Rime: new integrated TTS service

Rime is now an integrated TTS service. You can use Rime without needing to bring your own key. Check out the Rime TTS service page to learn how to get started.

Noise cancellation enabled by default

Noise cancellation is now enabled by default for the Daily service at no additional cost. This feature eliminates background sounds, including voices, from a participant’s audio stream.
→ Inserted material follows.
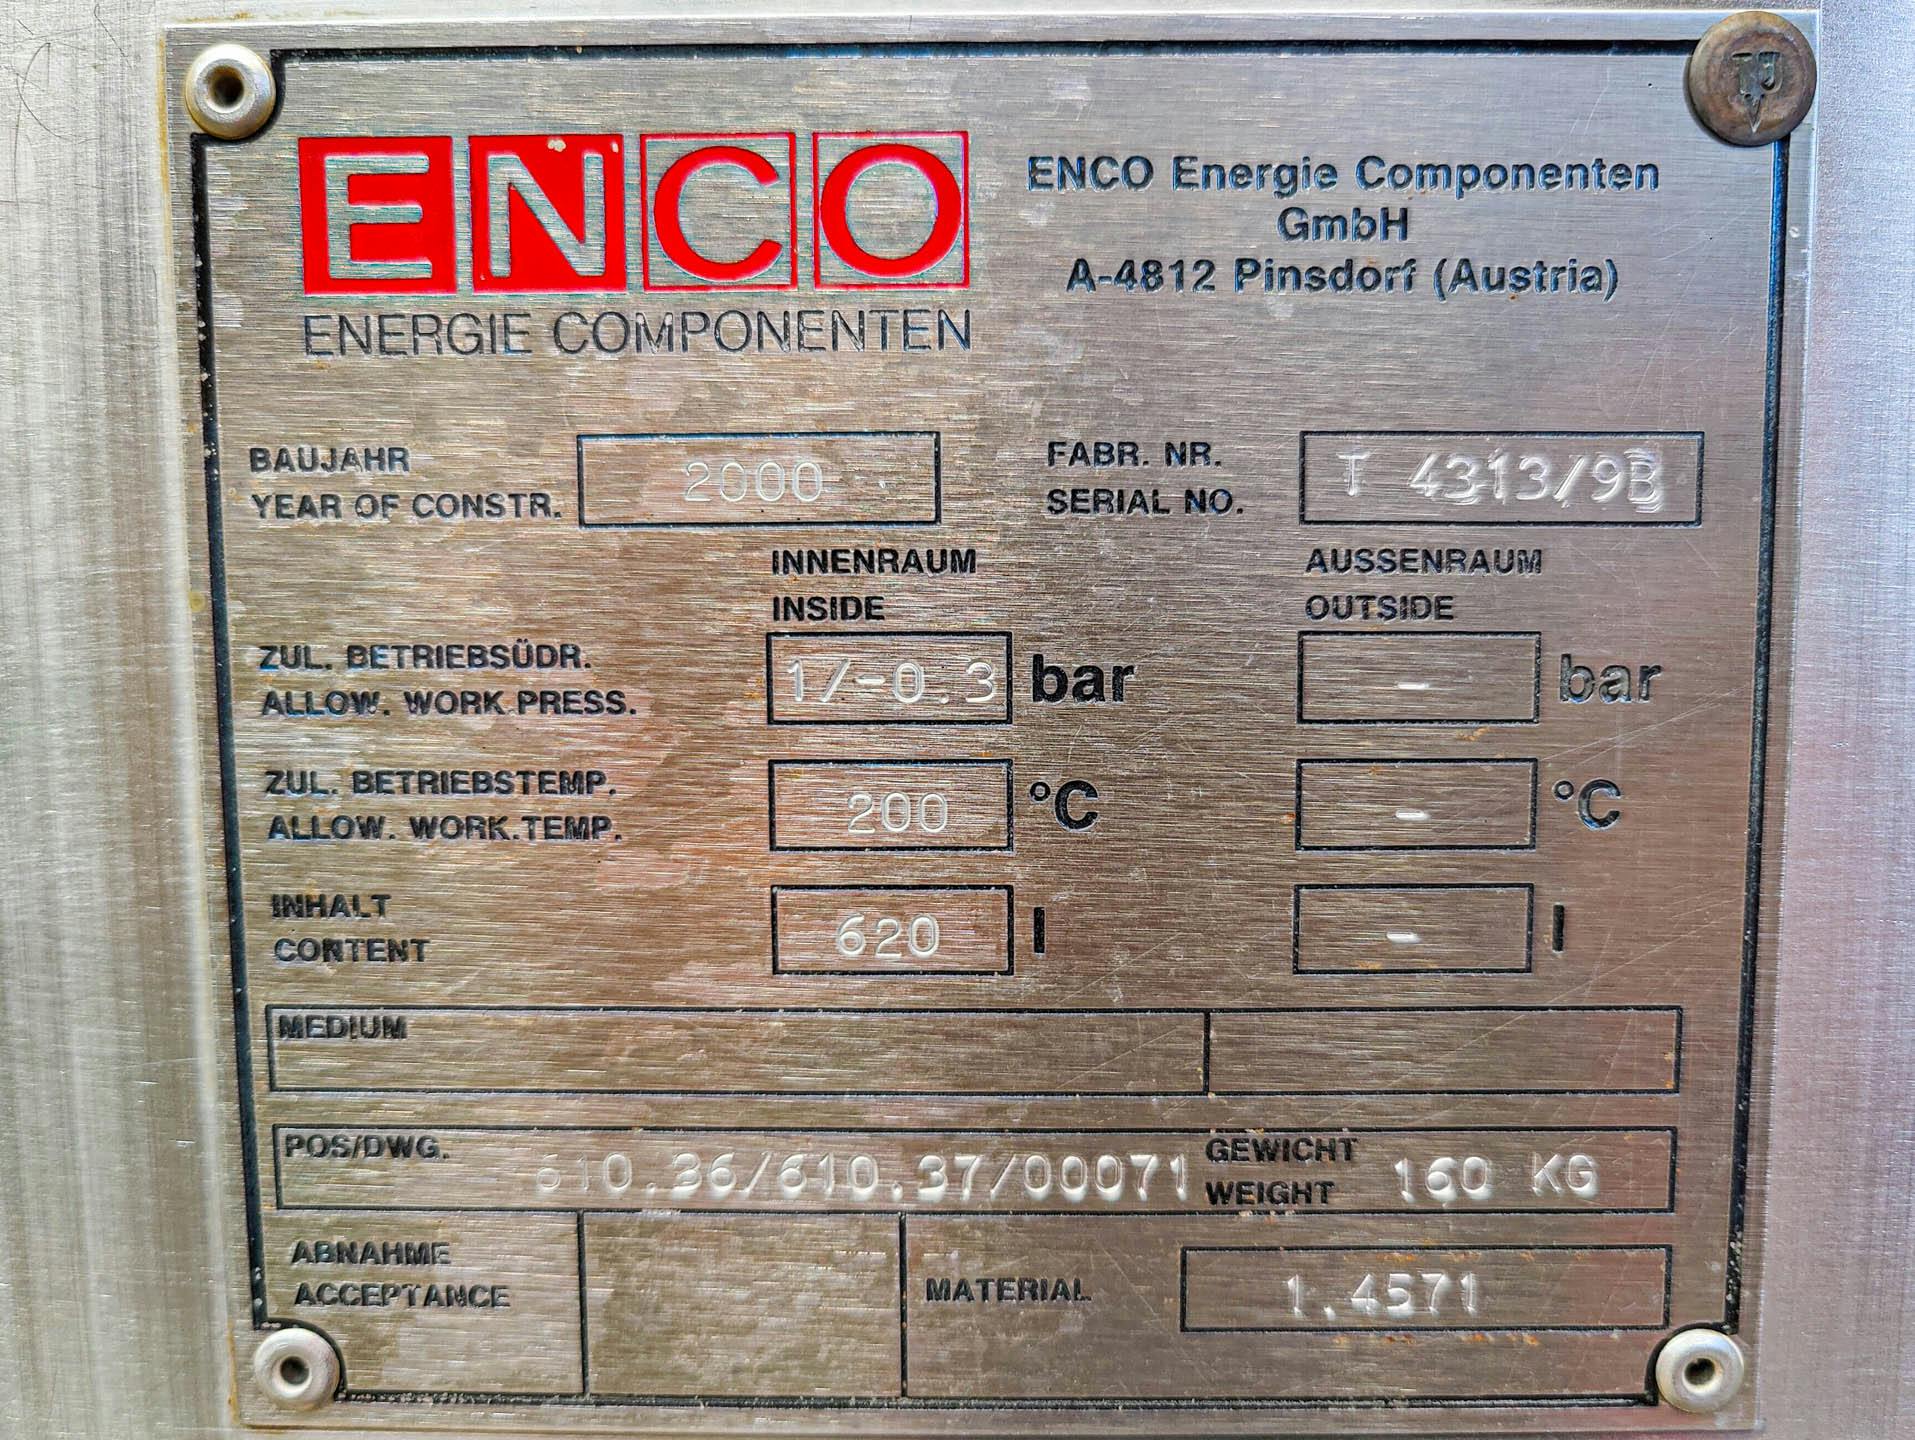 Enco 620 Ltr. - Pressure vessel - image 7

It enhances the bot’s ability to accurately understand the participant’s voice and prevents interruptions caused by background noise or conversations.

2024-12-24

Model support for OpenAI Realtime

OpenAI announced new models for their OpenAI Realtime API. We’ve added support for these models in Daily Bots. When using the openai_realtime_beta_2024_10 bot profile, you can now specify the model you want to use. The default model is gpt-4o-realtime-preview-2024-12-17. Learn more in the Daily Bots docs.

ElevenLabs: new model, more languages

ElevenLabs released their new Flash 2.5 model. Daily Bots now supports this model, which provides latencies between 150 - 200 ms. The eleven_flash_v2_5 model is now the default model for ElevenLabs. You can specify the model in the ElevenLabs configuration.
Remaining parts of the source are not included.